Refinement of the group II intron family concepts

Intron homologs present at evidently identical insertion sites that failed to be included in the initial orthologous clustering (“false negatives”) owing to large, “unbridged” phylogenetic distances likely resulting from (multiple) losses (e.g., rps3i74g2 present in charophyceaen algae, hornworts and tracheophytes) were included among the respective family sampling if not showing higher similarity to members of another family. Taxonomically isolated introns receiving only low bit scores of less than 200 were manually re-inspected and only considered for family inclusion when independent sequence similarities were identified in multiple intron regions and/or clearly responsible for conserved RNA secondary structures (see next paragraph). Vice versa, we wished to exclude false positive family assignments for paralogs with arbitrarily high bit scores owing to taxon-specific sequence evolution e.g., due to independently arising repeat motifs.

Group II intron alignments, phylogenetic analyses and RNA structure modeling

The clustering of intron orthologs and related paralogs into families was manually re-evaluated and re-checked by careful inspection of the respective full alignments. Intron sequences were automatically aligned with MAFFT [120] followed by manual adjustment where necessary. Sequence conservation was visualized with GeneDoc 2.7 (https://genedoc.software.informer.com/). Alignment positions with 60% site coverage identified in MEGA 7.0 [121] were extracted for further phylogenetic analyses and modelling of RNA-secondary structures. The filtered group II intron family alignments were used for Maximum Likelihood phylogenetic analyses with IQ-TREE 2 [122]. Substitution model testing was done automatically, and node support was evaluated with 1000 ultra-fast bootstrap and SH-aLRT repetitions, respectively. Phylogenetic Trees were visualized and edited with TreeGraph2 [123]. RNA secondary structures were modelled manually following established group II intron structure modeling routines [77] with predictions for substructure generated by the mxfold2 application [124]. Nucleotide positions from group II intron family alignments with 60% site coverage sites were preferably used for folding compared to non-conserved sites. RNA secondary structures were annotated in Dot-Bracket annotation and visualized with VARNA [125].

Evaluation of streptophyte mitochondrial group II intron presence and absence

Presence and absence of the full collection of streptophyte mitochondrial group II intron paralogues were coded as ‘1’ and ‘0’, respectively.

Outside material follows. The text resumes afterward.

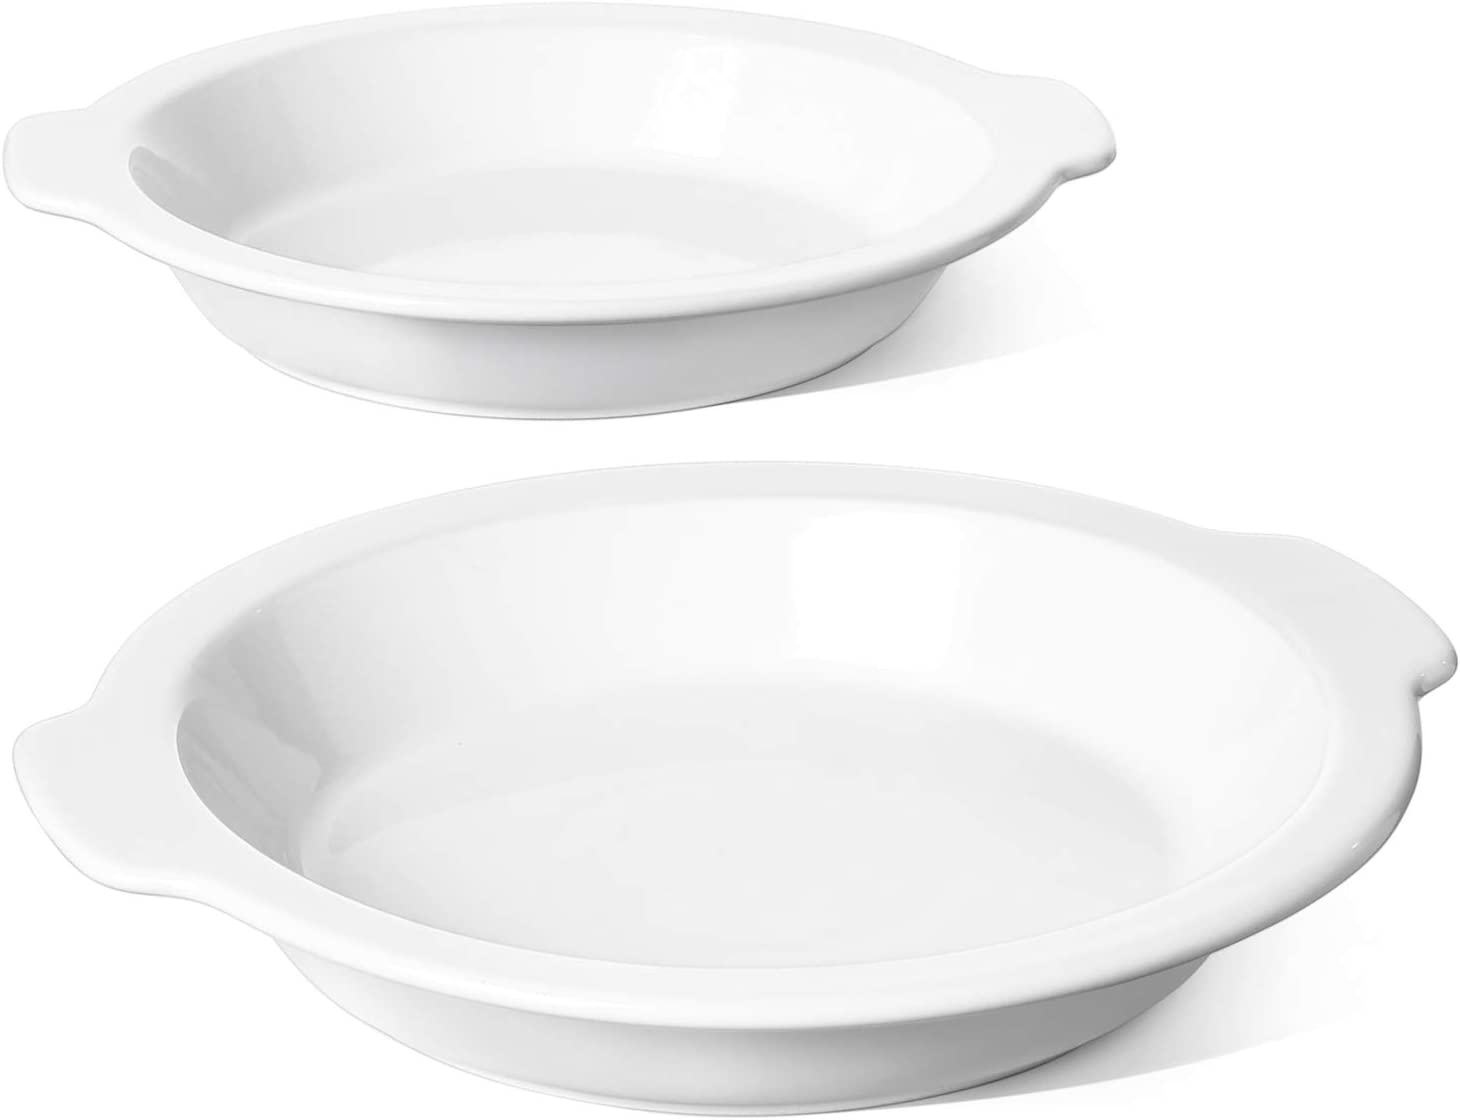 LE TAUCI 9 Inch Pie Pan with Handles, 36 Ounce Pie Plates, Deep Dish Pie Pans For Apple Pie, Pecan Pie, Set of 2, White

The R4.1.2 packages “dplyr” and “eulerr” were used for evaluation and plotting of group II intron distributions in the major land plant lineages to create Venn/Euler diagrams [126, 127]. Intron distribution data was converted into the FASTA format to model gain and loss scenarios empirically for group II introns for different plant phylogeny scenarios with GLOOME [128]. GLOOME allows gain–loss models weights 8-to-1, 4-to-1, 2-to-1 and 1-to-1. Given the present evidence for significantly more frequent independent group II intron losses rather than gains as recently confirmed e.g. for cox2 introns cox2i373g2 and coxi691g2 among angiosperms [129], we estimated the best fitting model weight (4–1) empirically for the lowest total number of gain events as close as possible to 161.